DATA EXCERPT:

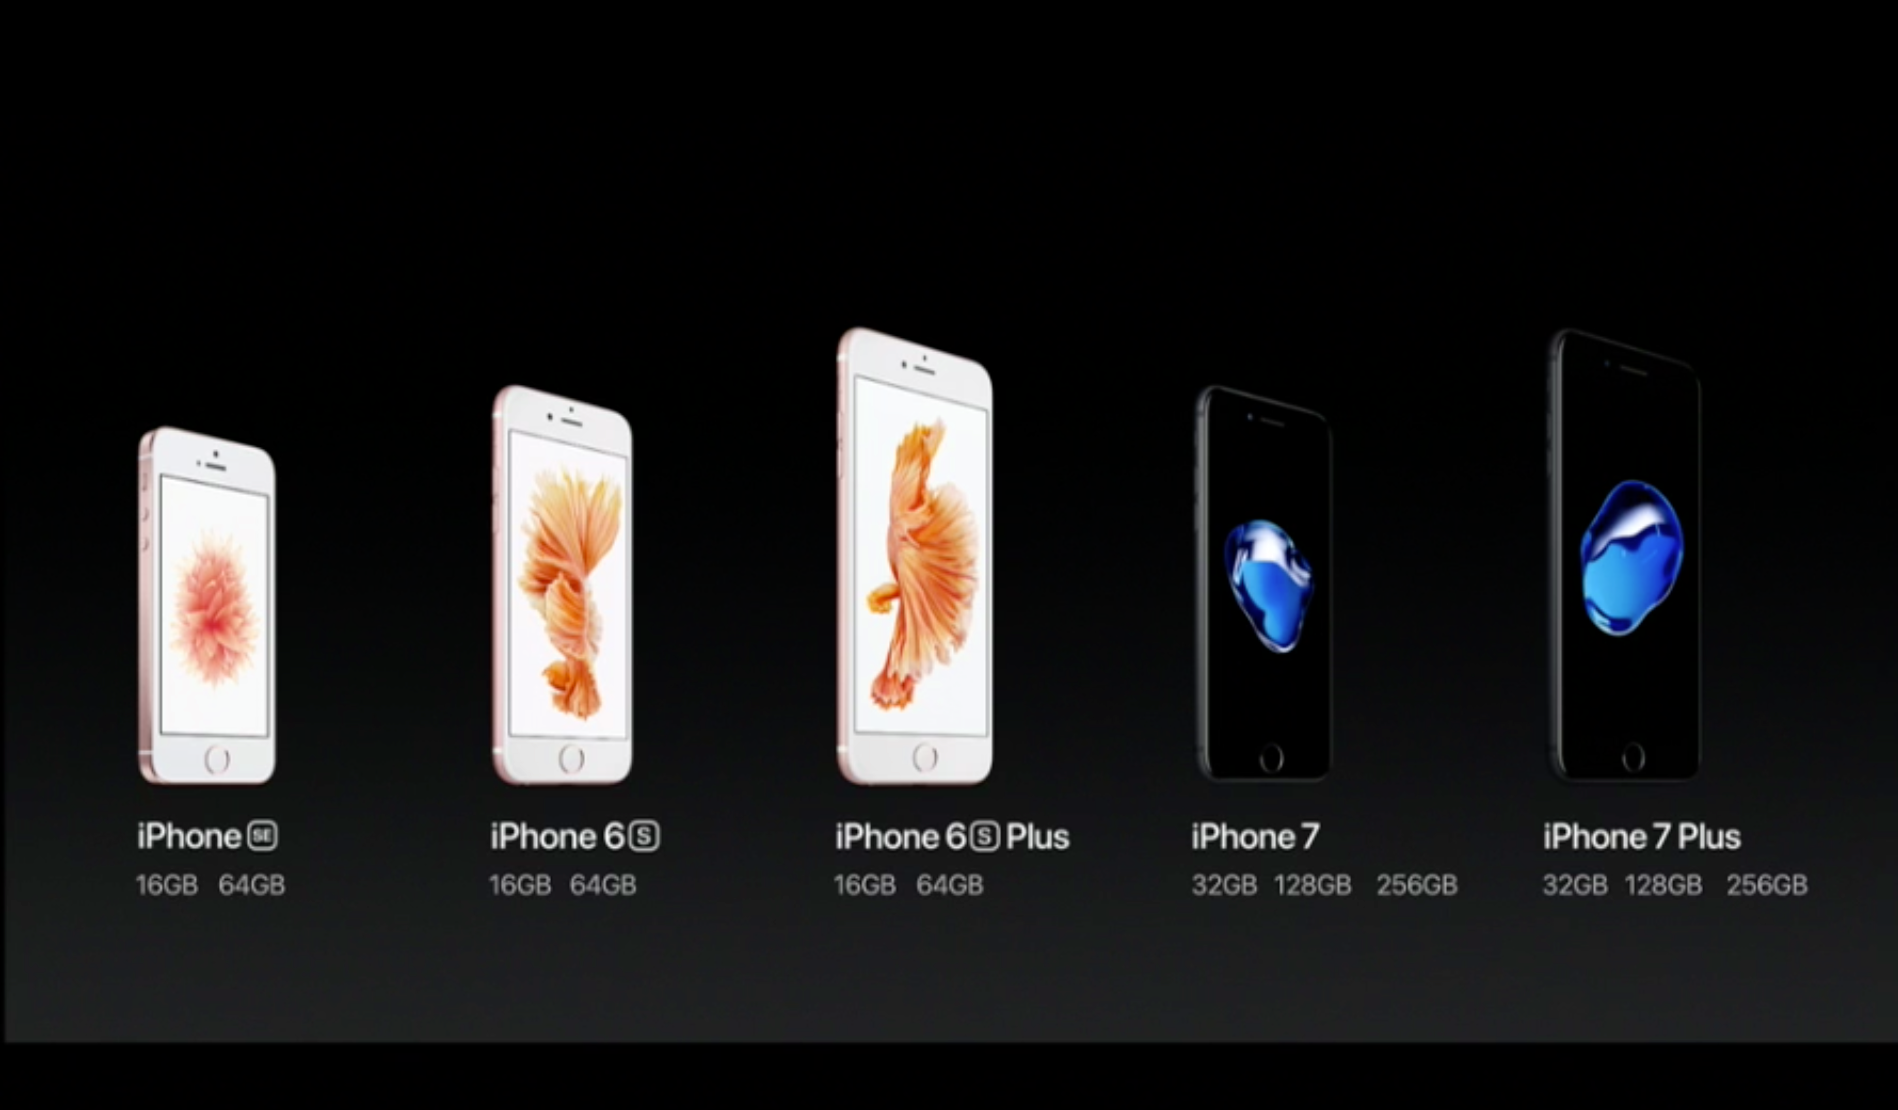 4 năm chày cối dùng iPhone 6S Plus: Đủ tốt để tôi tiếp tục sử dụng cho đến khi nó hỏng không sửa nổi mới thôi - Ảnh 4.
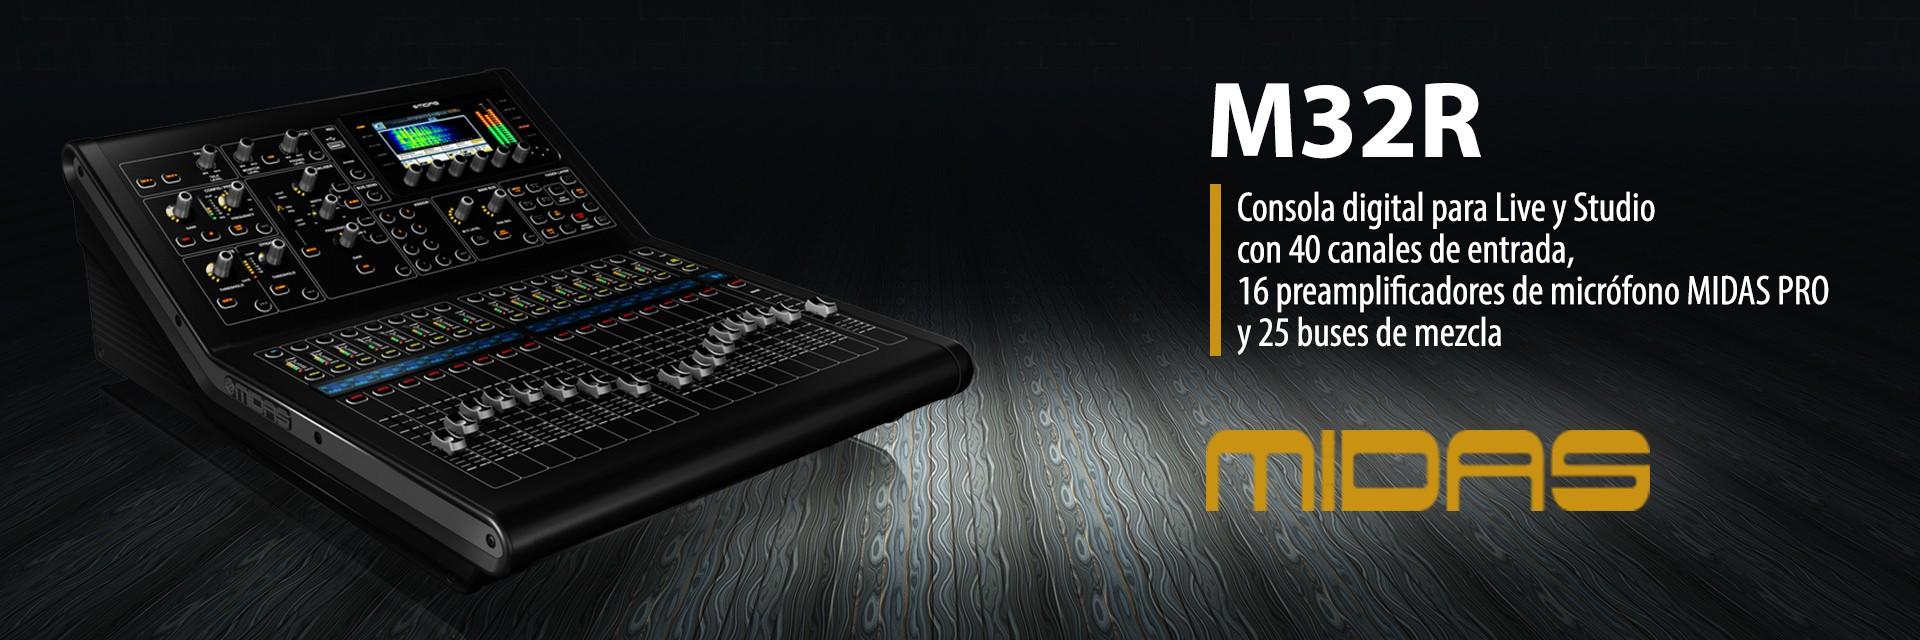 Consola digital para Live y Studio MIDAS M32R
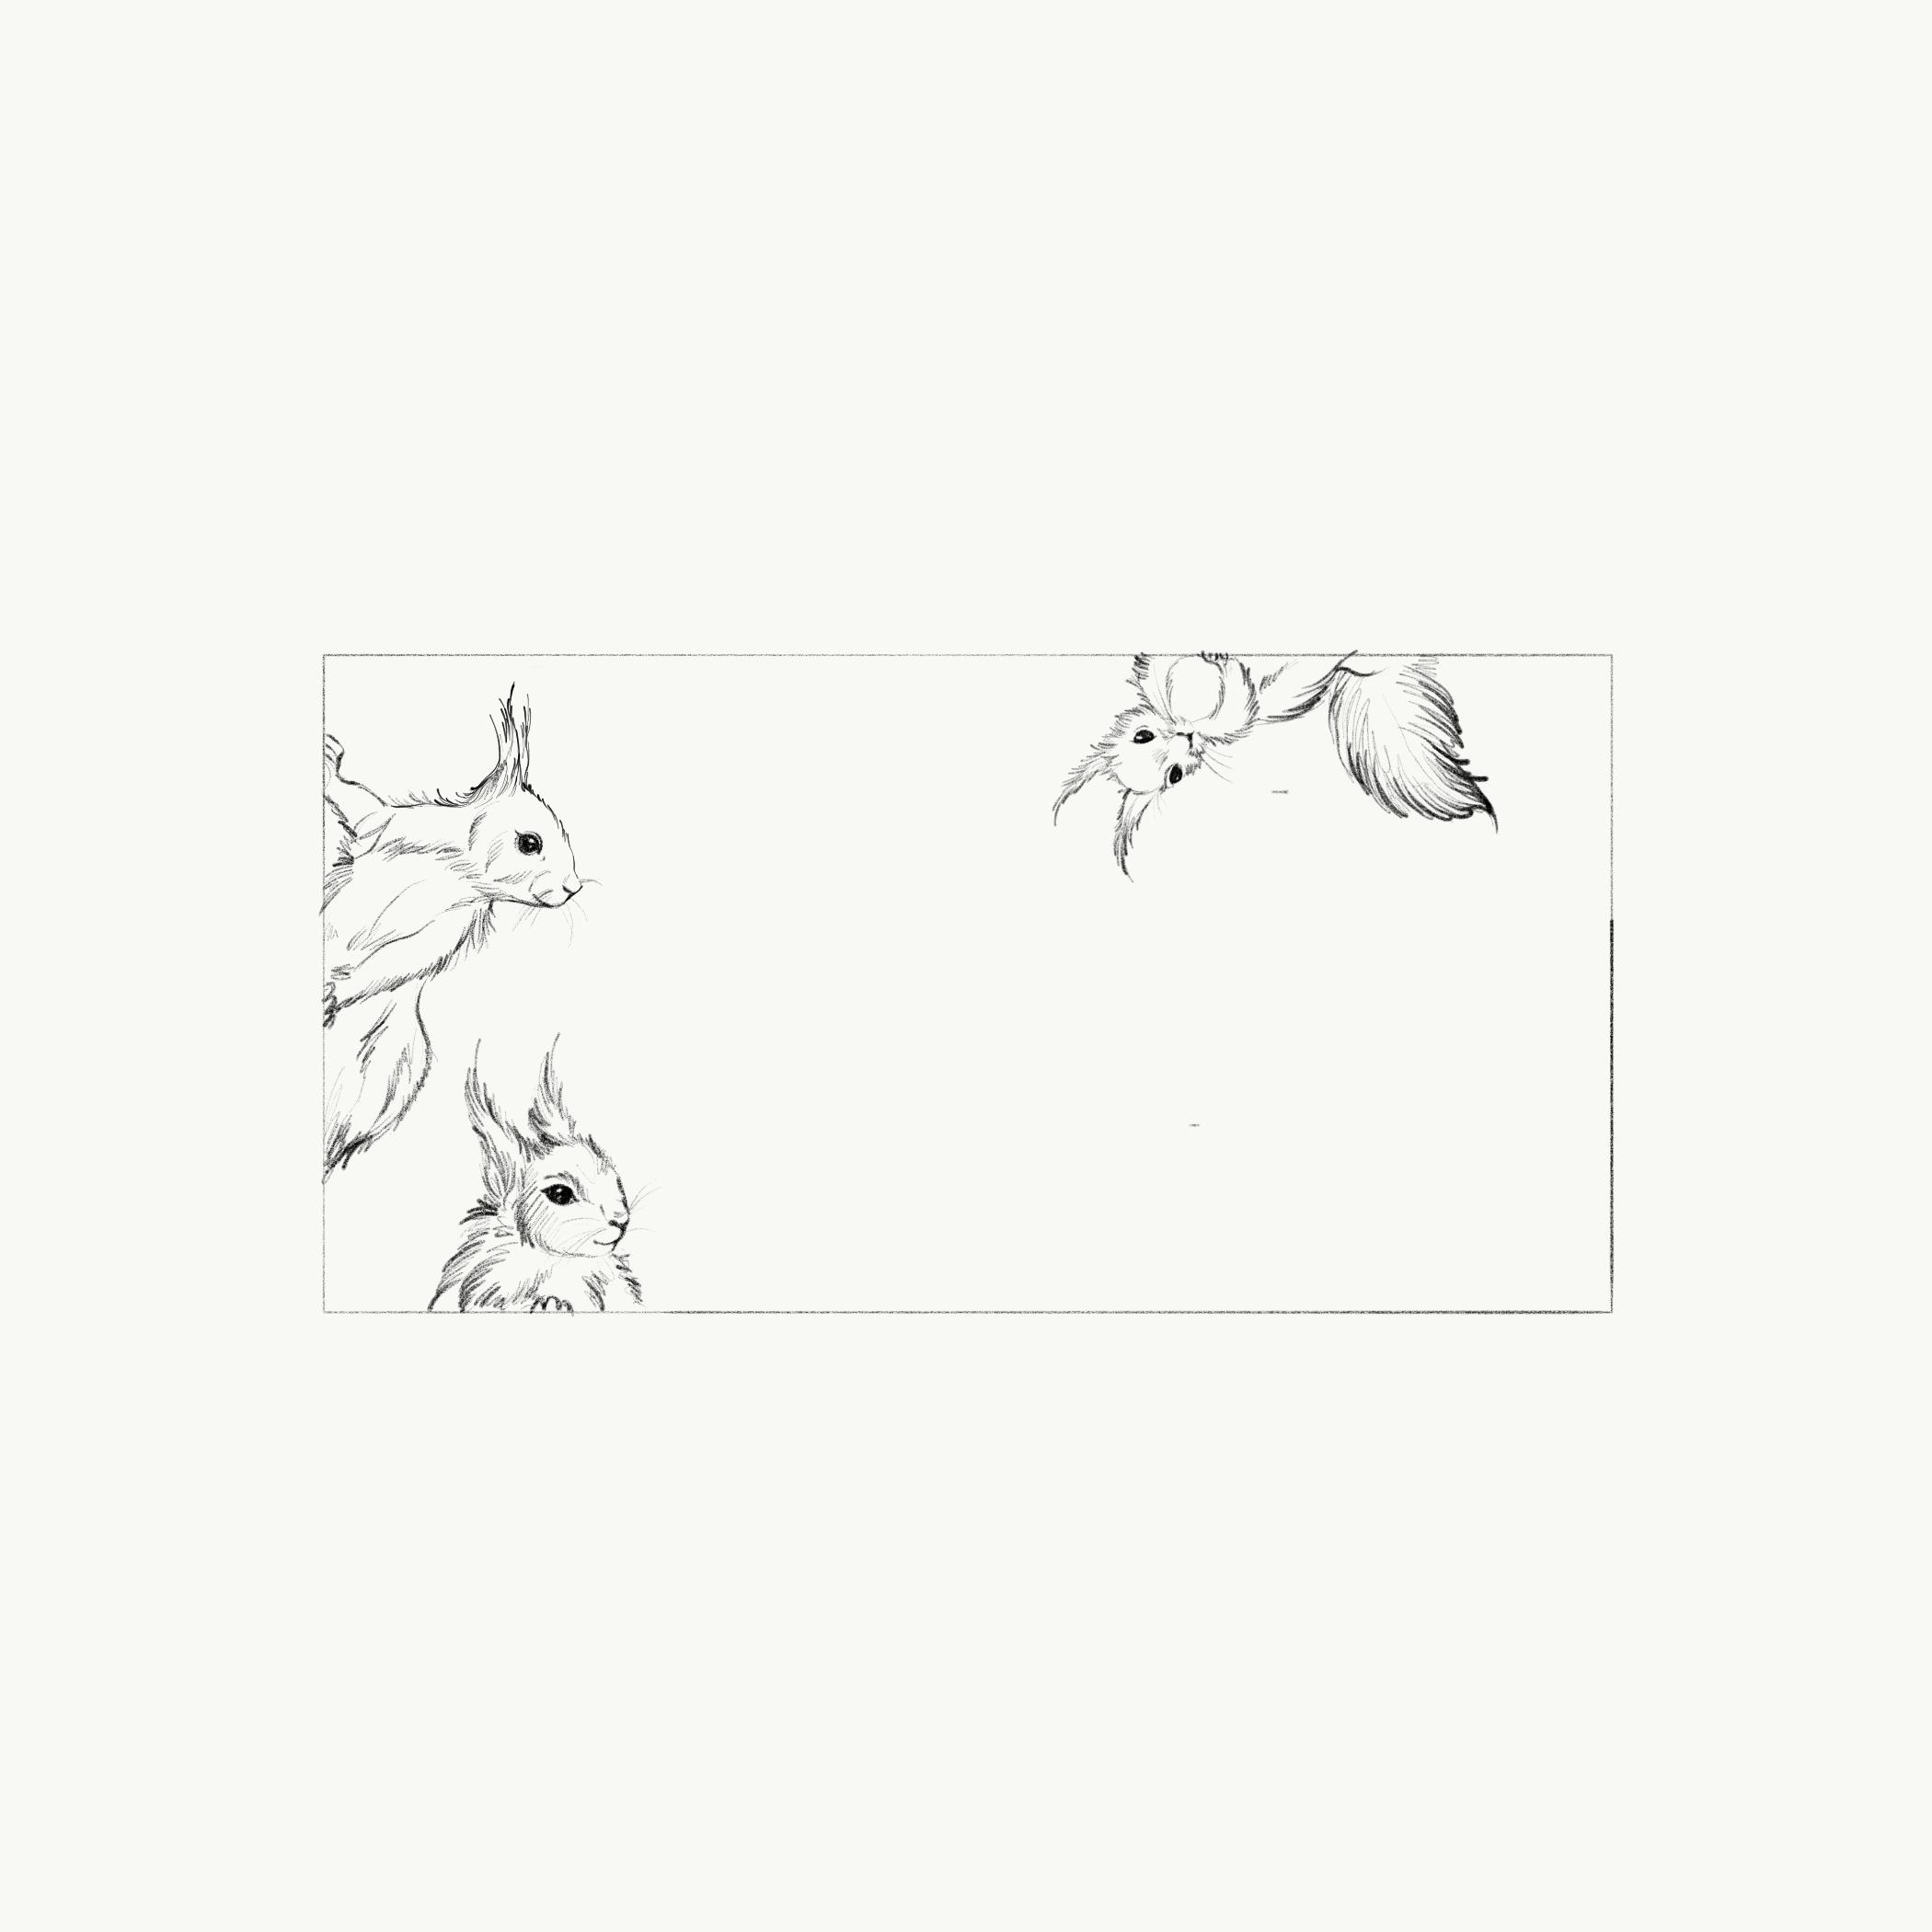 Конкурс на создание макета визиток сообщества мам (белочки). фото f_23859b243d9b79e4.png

ASSIGNMENT: What you give back must match the material word for word, with no images included.

REPLY TO THE EXERCISE:
 4 năm chày cối dùng iPhone 6S Plus: Đủ tốt để tôi tiếp tục sử dụng cho đến khi nó hỏng không sửa nổi mới thôi - Ảnh 4.
 Consola digital para Live y Studio MIDAS M32R
 Конкурс на создание макета визиток сообщества мам (белочки). фото f_23859b243d9b79e4.png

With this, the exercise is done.